My test set includes short, ambiguous, emotional, hostile, and empty inputs:
| Input class | Failure I look for |
|---|---|
| Very short messages | overconfident interpretation |
| Sarcastic messages | wrong tone label |
| Hostile prompts | unsafe rewrite |
| Empty input | fake analysis |
| Long pasted chat | schema loss |
The small model improves fastest when the test set is boring and repeatable.
The failed approach: more instruction
When the first prompt failed, my instinct was to add more instruction. That made the result worse.
More instruction increases the chance that the model will optimize for the wrong part of the prompt. For a small model, clarity often means removing text, not adding it.
The best improvements came from:
- Reducing labels.
- Moving the schema closer to the output.
- Lowering
maxTokens. - Using output prefix forcing.
- Adding parser-level retry.
- Moving nuanced explanation into app logic where possible.
For example, the model returns tone: anxious. The app can map that to a user-facing explanation. The model does not need to write the entire UX.
The product conclusion
Prompt engineering for small local models is not about making the model sound smart. It is about making the model dependable enough to become a hidden product component.

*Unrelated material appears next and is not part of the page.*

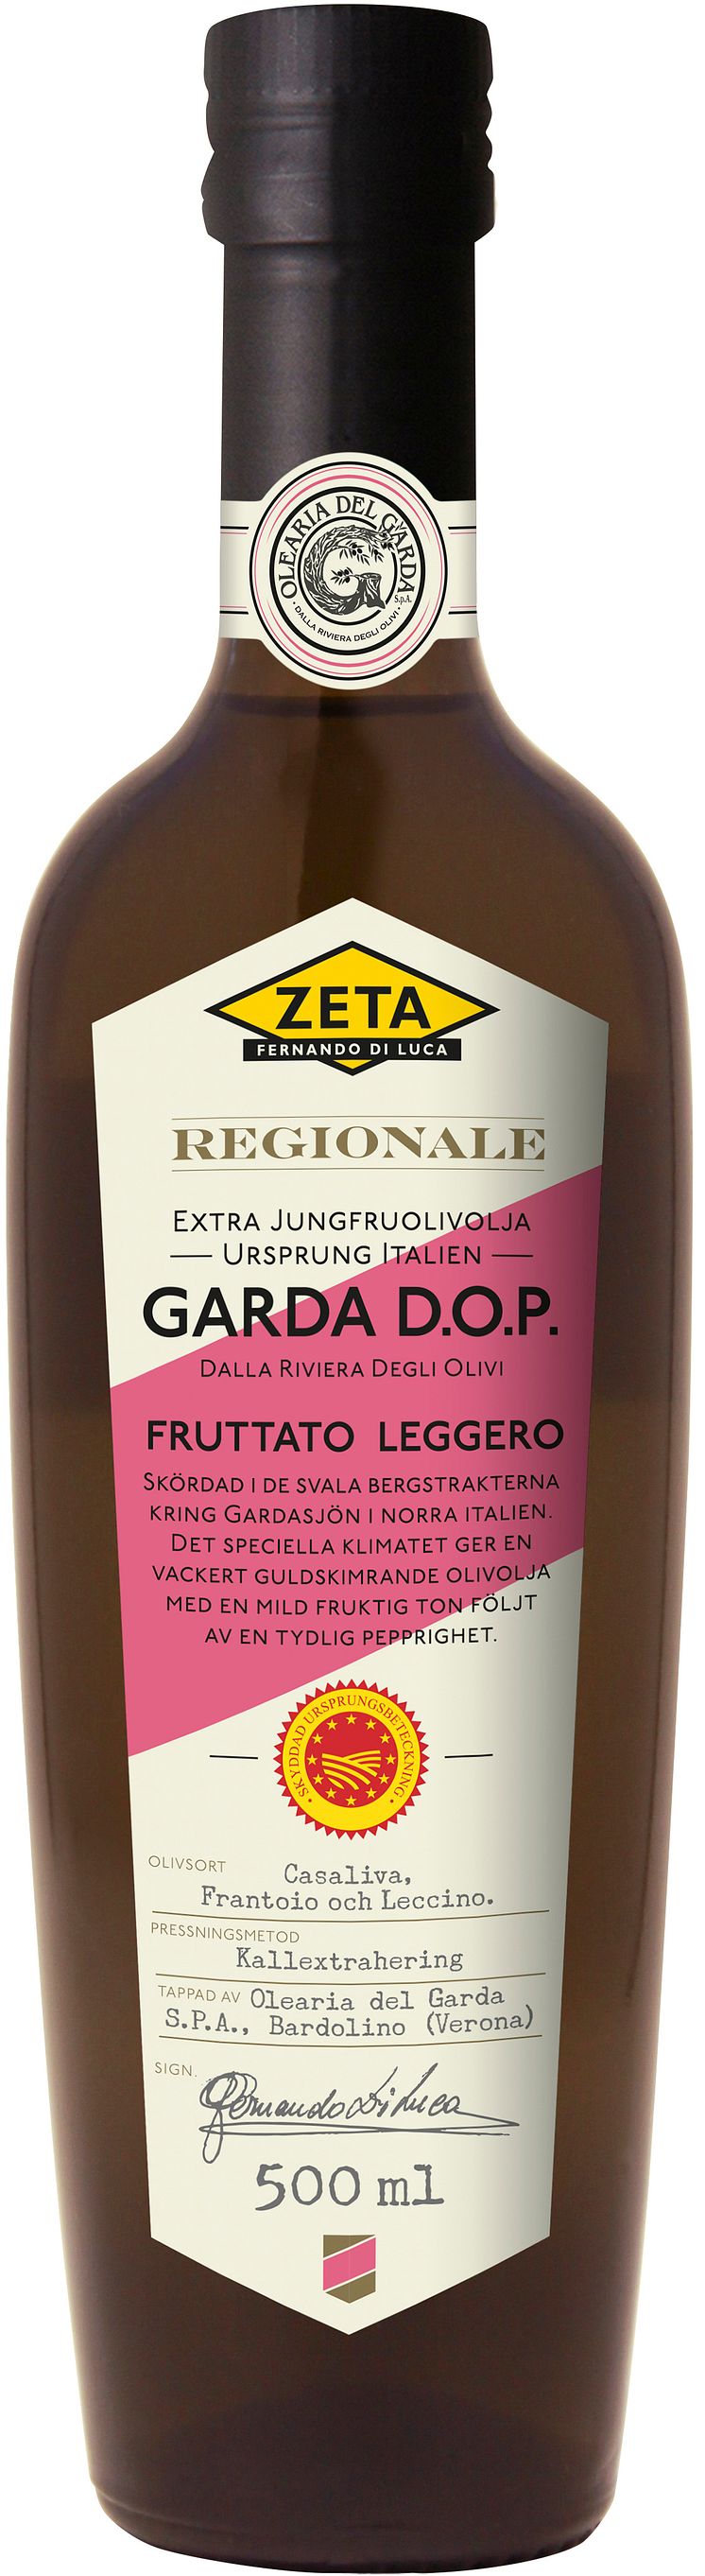 Zeta Regionolja Garda D.O.P.

The highest-value pattern is not a chat box. It is a typed local function:
func classify(_ text: String) async throws -> SocialPromptResult
Once the model becomes a function, it can power buttons, background analysis, tagging, routing, draft checks, and privacy-sensitive workflows without asking the user to watch a model think.
That is where on-device AI becomes interesting to me. Not as a weaker chatbot, but as a fast local subsystem with a narrow contract and predictable failure handling.